Снег и вправду валил сплошной завесой, и порывы ветра несли белые комья прямо в окно. Половина стекла уже была забита массой, состоящей из совершенных холодных кристаллов. А снег всё падал и падал, образовывая на карнизе небольшие мон-бланы... "Tombe la neige, tu ne viendras pas ce soir, tombe la neige et mon coeur s'habille de noir..." ("Падает снег, ты не придёшь сегодня вечером, падает снег и моё сердце одевается в чёрное..." - слова из песни Сальвадора Адамо). Cреди метели кружила и громко галдела невесть откуда взявшаяся стая чёрных птиц.
Очутившись за столом, Олег прежде всего схватил большую кружку, всю исписанную по бокам мелкими буквами. Это текст Конституции артистической Республики Заречье, гражданином которой Олег давно себя считает. Замелькали фразы: "Каждый имеет право быть единственным и неповторимым", "Каждый имеет право быть нелюбимым, но это необязательно", "Каждый имеет право забывать, есть ли у него обязанности, "Каждый имеет право быть несчастным", "Каждый..." "Каждый имеет право на тепло", - сказал Олег, плеснул в чашку кипяток и попытался согреть одеревеневшие руки.
- Надеюсь, ты передумал и не пойдёшь?
- Да ты что! - возмутился муж.
- Сегодня минус пятнадцать, завтра по прогнозу минус двадцать. А ты принципиально не надеваешь ни шарф, ни перчатки!
- Плевать! - храбрился Олег. - Я не буду верить в холод, а буду делать вид, что его нет. Пойми, нельзя больше терпеть, пора что-то предпринимать!
- Может, тогда и мне отправиться туда? - спросила я, накладывая Олегу курицу с рисом (в детстве я страшно недоумевала, что это за "курицу с рысью" ел лесковский Левша).
- Вот уж нет!! - в деле заботы обо мне супруг проявил решимость. - При такой температуре, с твоим здоровьем, это исключено!
И успокаивающе добавил:
- Я пойду не один.
- С Потомком?
- С ним, родимым.
Потомок зовётся так, потому что происходит из старинного семейства революционеров, основоположником которого был весьма известный деятель, прославившийся острой полемикой с Ильичом.
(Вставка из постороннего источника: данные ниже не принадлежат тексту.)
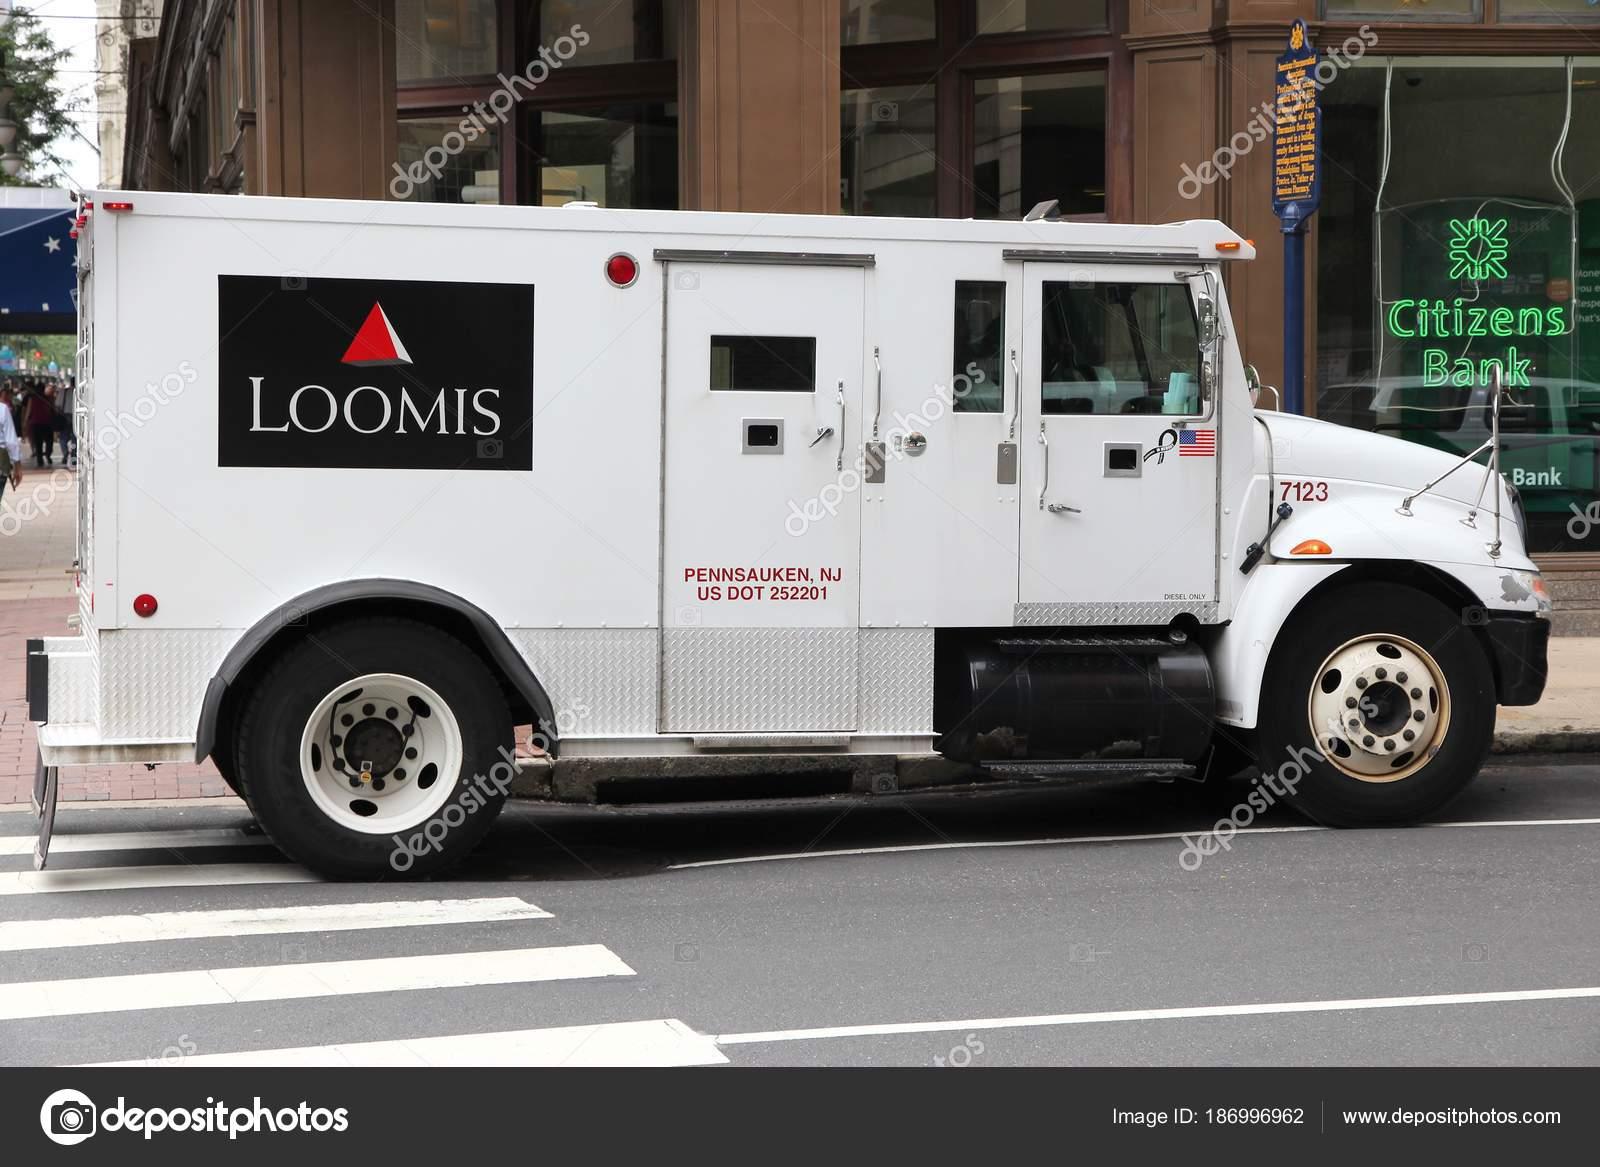 Loomis money truck – Stock Editorial Photo © tupungato #186996962

Как говорят, ему даже удалось уличить вождя мирового пролетариата в неважном знании немецкого языка. Внешне поразительно похожий на знаменитого предка (тот же правильный овал лица, та же форма носа чуть картошкой, практически идентичный разрез глаз), Потомок имел и резко бросающиеся в глаза различия. Пращур-революционер носил аккуратную причёску, бережно подстриженную бороду, ладно сидящий костюм. В нём было гораздо больше от чеховского интеллигента, нежели от борца, бросающего из-за баррикад гранаты. Не то Потомок. Шевелюру и бороду он не только не стриг, но и почти никогда не расчёсывал, зубы не чистил, а потому большая часть из них покинула его ещё в молодости. Зато в том, что касается революционных наклонностей, гены сработали отлично.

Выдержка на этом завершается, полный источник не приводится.